If you were like a large corporation or university, you might have an ISP setup to handle multipath routing for end-users. Multipath can route to/from the same IP address over multiple paths. But this isn't the scenario here, because it isnt' the same IP address on each connection.
In the setup described here, with 2 standard ADSL connections, you will have two different IP addresses. Many ISPs are turning on source address verification, which means you can't spoof the source address on one line to match that of the other. Keep in mind it only takes ONE hop in the entire route that has source address verification turned on to break your spoofing setup (this isn't as much of an issue if you are using the same ISP for both circuits, because they will both have all the same hops).
Even with separate IP addresses, you can still load balance between them. However, you can't load balance a single TCP session over two IP addresses (well, you can, but a lot of software will tear down the connection if you try it). You can encapsulate your TCP connections into a UDP VPN that is load balanced over the two circuits, but as I already described you will end up getting only minimal gains due to the latency and overhead of wrapping the packets. If he was uploading lots of small, individual files, he could be simultaneously uploading different files on each connection. However, he seems to be dealing with large individual files, so load balancing over two public IP addresses wont help in this case.
Jon Pruente wrote:
On Tue, May 6, 2008 at 9:37 PM, Greg Brooks [email protected] wrote:
Anyone successfully used link aggregation to combine two ADSL lines for greater outbound bandwidth?

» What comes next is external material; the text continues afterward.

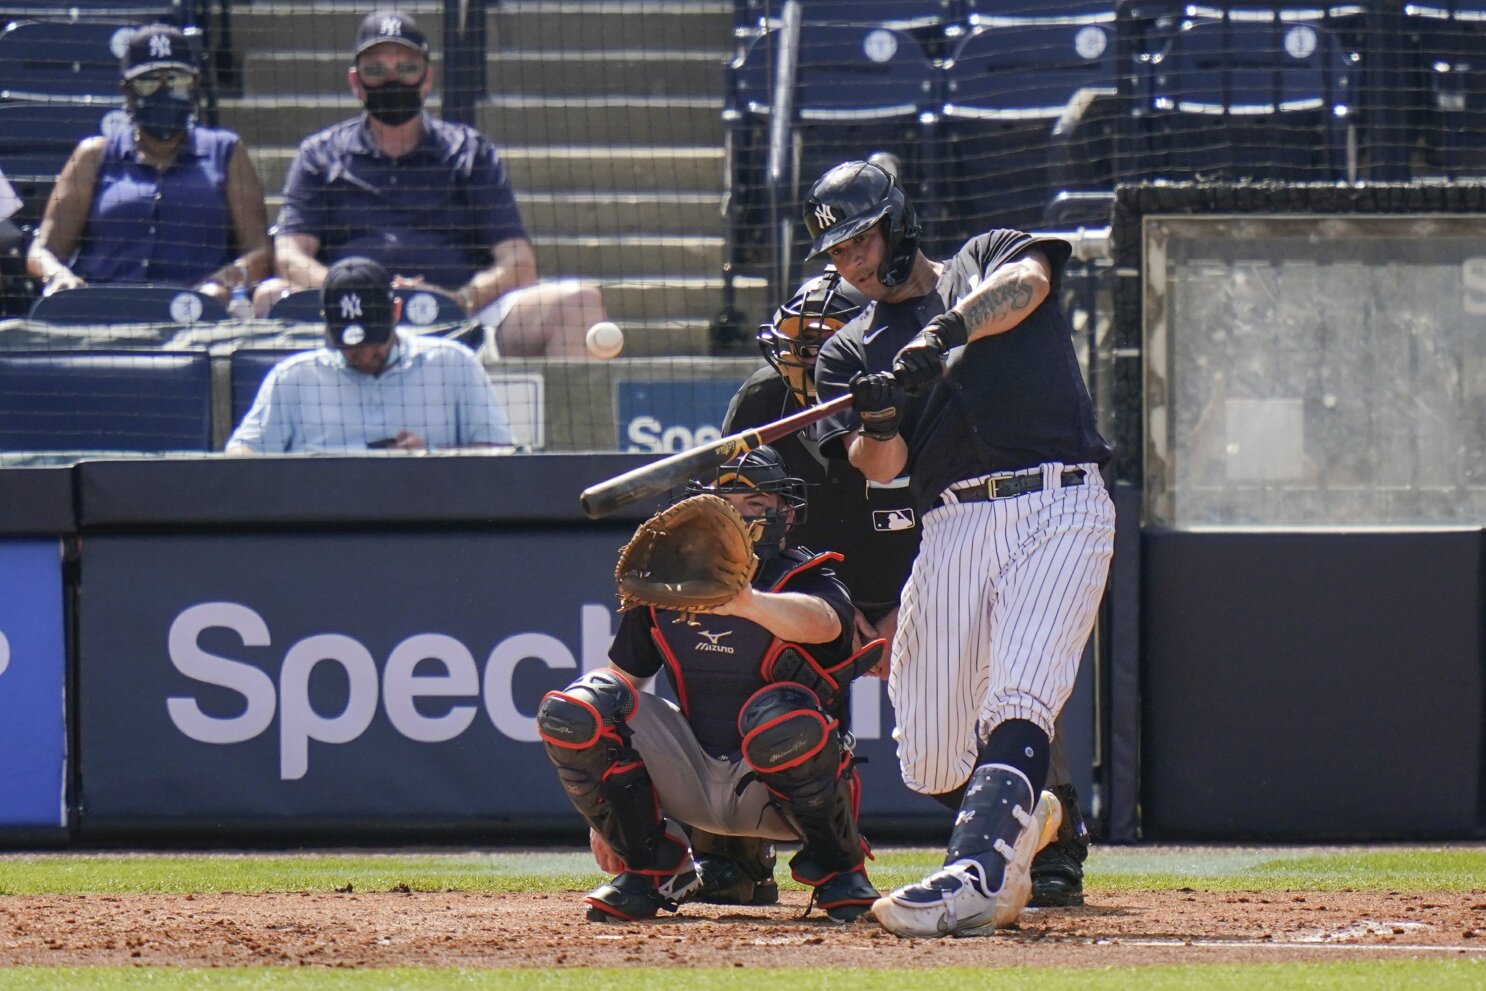 New York Yankees: Brett Gardner continues to grind out plays

Wouldn't it be feasible to use a router machine between the home PC and the DSL lines? Use two outbound NICs and set the router to load balance between them for the 3rd internal NIC. I don't really see a technical reason why it's as complicated as people are making it out to be. By the very nature of TCP/IP packets can take multiple paths. You just want to force half one way and half the other. That's not a big deal to do, IMHO.